I went down across the bike, face first into the pavement, ripping open my palms (again), cracking my shins (again).

"Shit." I muttered as I lay there, tangled up in twisted metal tubing, disgusted with myself, humiliated again. Feeling all the world like everything that is loathsome and drooping and decayed. Then the sillhouette's friend drifted out of the shadows.

"Lookit what that motherfucker did!"

"Sorry about that," I muttered into the dirt as I started unwrapping my legs, seeing if there was any immediate, obvious damage. I couldn't tell, but everything seemed to be holding together.

"He wasn't watching where he was goin'--but he better start, or he gonna get hurt."

"I was watching where I was going," I offered. "I just wasn't seeing where I was going. And I am hurt." You stupid sonofabitch, I added silently, just for myself.

"Lookit that--I can't ride this anymore--now I'll hafta tighten everything up! An' it's all his fault."

The first foot swung sharp into my lower back. Anther caught me under the right arm. The both of them got into it, kicking my legs, my knees, my stomach, my back, while I tried to roll away from the swinging feet and the frame of a bicycle lying across the sidewalk. Why in the fuck was the bike lying across the fucking sidewalk? Why couldn't they've just propped it up against something? A tree, maybe.
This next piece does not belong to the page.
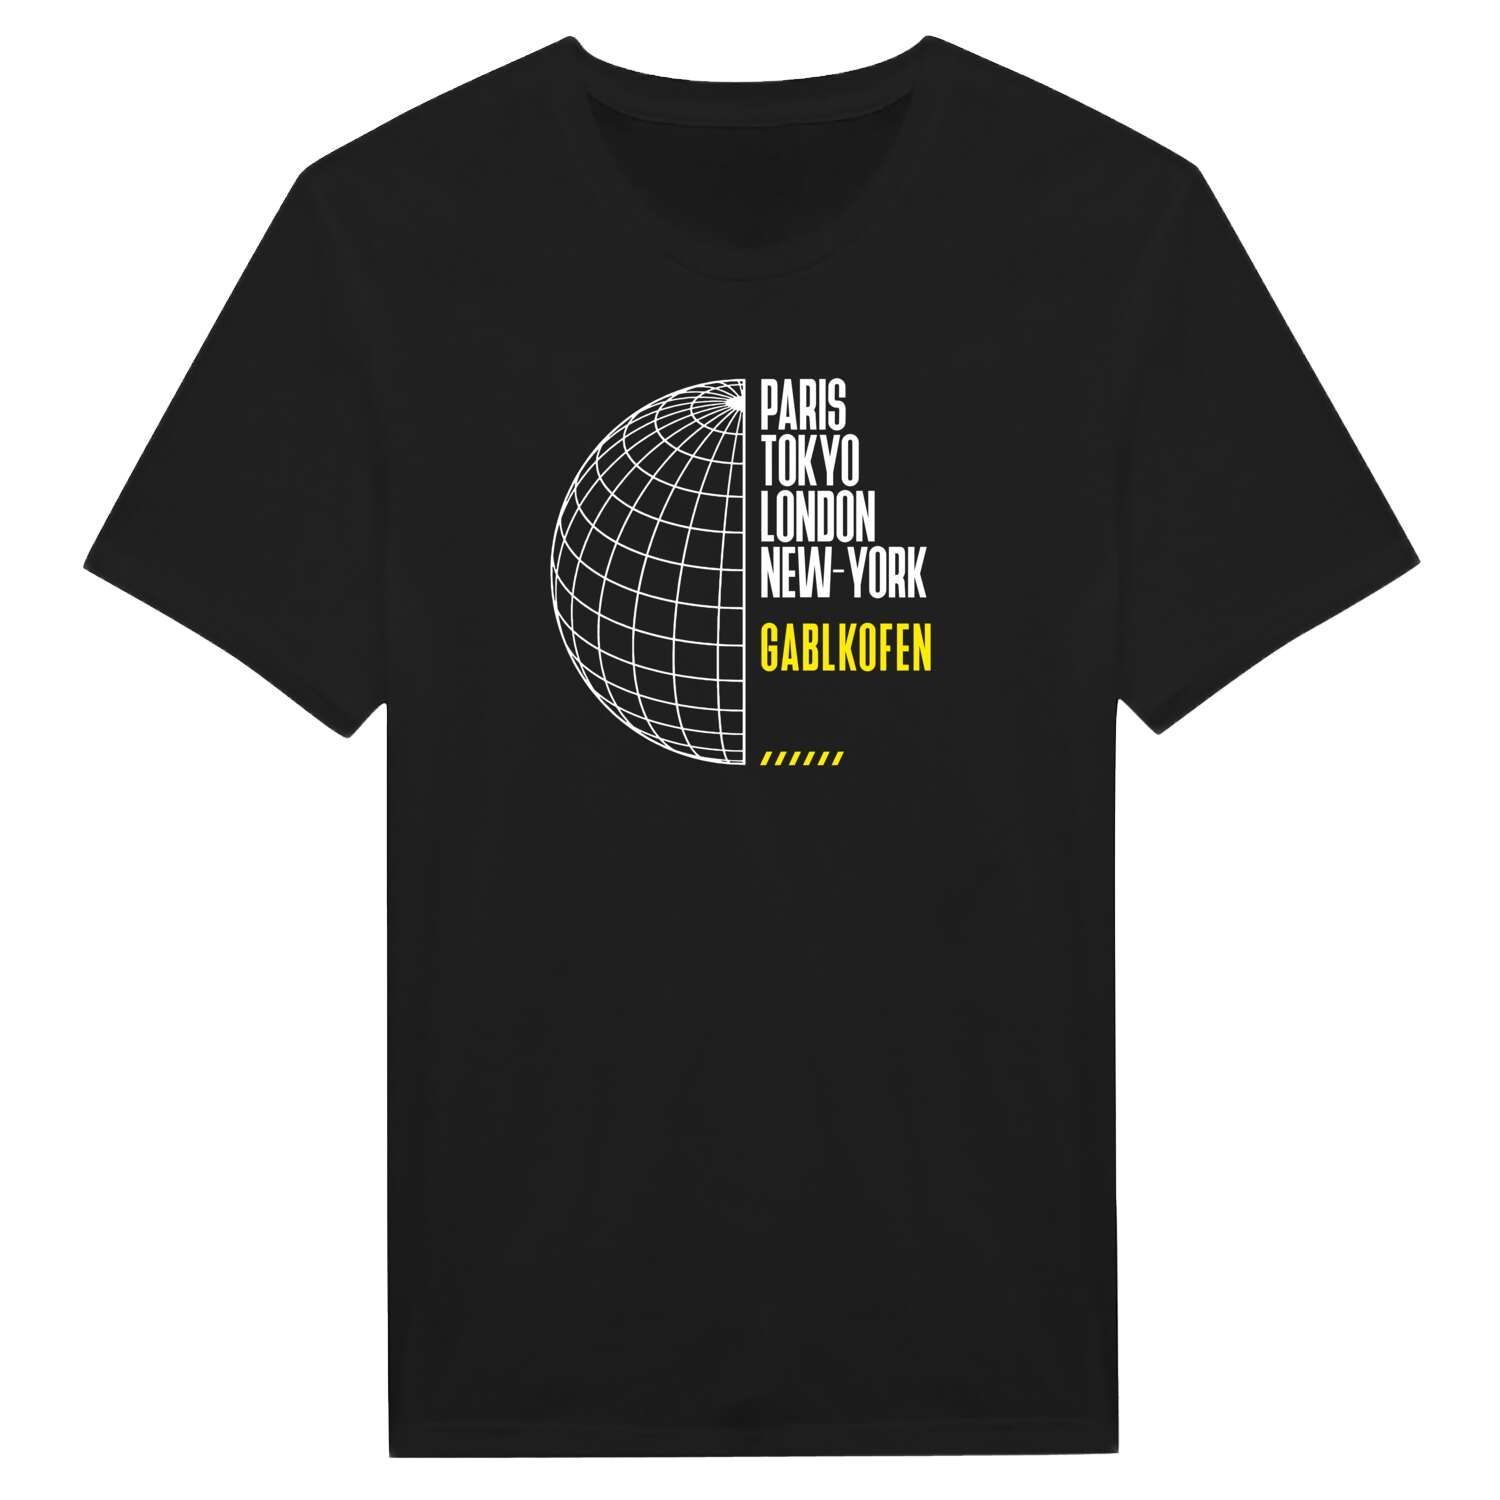 Gablkofen T-Shirt »Paris Tokyo London«

Christ.

I wasn't thinking about the boots landing in my ribs anymore. All I could think was, "Who could possibly be so damnably stupid?"

After awhile--it couldn't've been too long--they gave up and ran away, leaving me there with the bike. Maybe it’s because I didn’t give them the satisfaction of screaming or yelling for the cops. Goddamn bike. At least they left my pretty face alone. Probably took one look and figured I'd have enough hell pounded into it already.

I'm not a tough guy. Used to be. Ten years ago, with enough speed in me, I was really something. Now, no. I was a tough guy for too long. Now, what? Now I'm battered and broken up, drunkenly tripping over bikes and tree roots and garbage cans, lying there like a goddamn fool, each breath reeking of my failure of nerve, wondering when I was going to start tasting blood, prey to fucking kids.

I rolled over and dragged myself up on my hands and knees. "Well, they didn't take anything. Shouldda given 'em that fucking pink ten dollar bill, made 'em happy." I flopped a blind, crippled, bee-stung hand around and found my hat.

I sat there a second, aching for a drink. I wasn't in pain. I didn't feel anything at all, not with all those wires of my cerebral cortex, frazzled and shattered, dangling behind the hopeless eyes like a ripped and bloody hunk of knotted hair. After a bit, I dragged myself to my feet and hobbled the last six blocks home. My ribs were gonna hurt tomorrow.

Goddamn kids. Goddamn William Burroughs.